Part I: All the Batmen

DC | Warner Bros

Exhaustion for Gotham City and its bat-themed caped crusader must exist. Haven't we reached superhero saturation yet? How many Batman movies must society endure until we run out of time to stop climate change?

It's hard to imagine a time before the dark knight brooded rent-free in our collective psyche. Eighty-two years since the first Bat-Man arrived in comic book form, his legend has only grown in the same mythical molasses of Sherlock Holmes or even King Arthur. Perhaps in a thousand years, Human Mythology's most famous tales will include Superman as a poor man's Hercules and Batman as a poor boy's sandbox Odysseus — Gotham being the sandbox.

As the hype machine cogs for director Matt Reeves's Bat-reboot churned online, I, an unapologetic 'bat-nut,' got re-suckered into this ridiculously appealing franchise. That and trailers using Nirvana songs tickled this boy's toilet-bound bat zeal.

But what is the lasting appeal of Batman? To understand The Batman is to understand all the Batmen that came before. The iconic superhero is one of the most well-known characters in American pop culture history. If Superman was the underclass hero sprinkled with good moral standing, Batman's vibe was always a little darker. This odd, nocturnal creature wouldn't think twice about killing you if his bat sense felt you "had it coming."

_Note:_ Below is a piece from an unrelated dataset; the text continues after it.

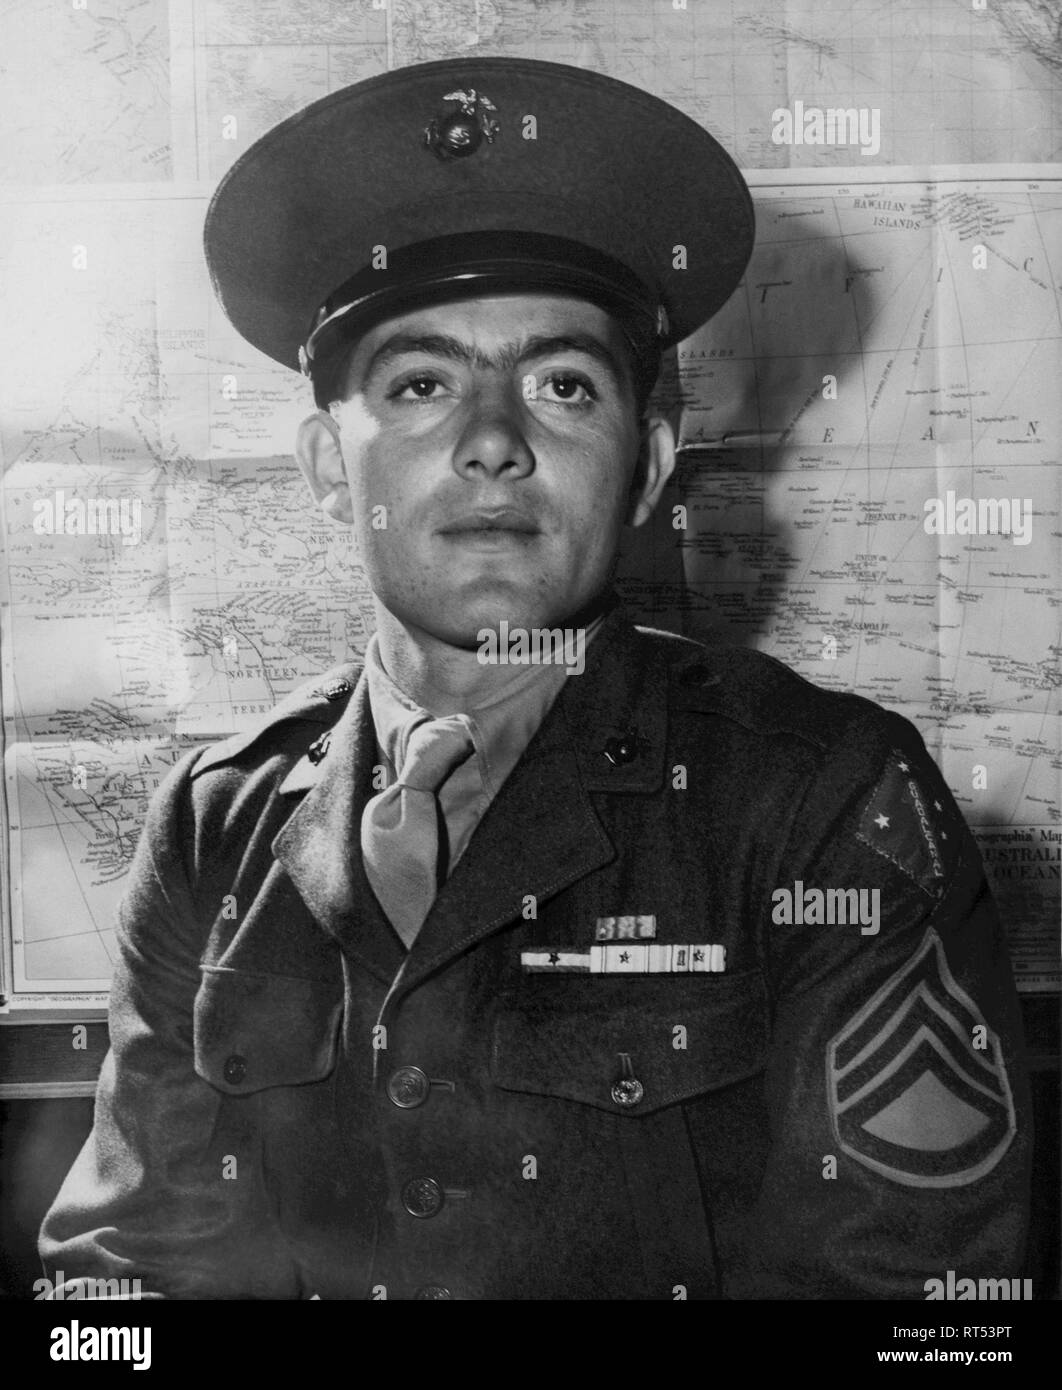 Weltkrieg II Foto von Sergeant John Basilone, September 1943. Stockfoto

When Bill Finger and Robert Kane created the original Bat-Man, the world was different. Society drew its morals from a black and white Rolodex of right and wrong. A wealthy vigilante with wonderful toys fighting crime on his own terms? Does anything encapsulate the pulsating embers of the American Dream?

Depending on when you started, everyone alive has their own private Batman. He has remained a constant force in popular culture throughout most of our lives. Each landmark movie franchise edges closer to holding up society's mirror of the darkness and dysfunction lingering just outside the theatre.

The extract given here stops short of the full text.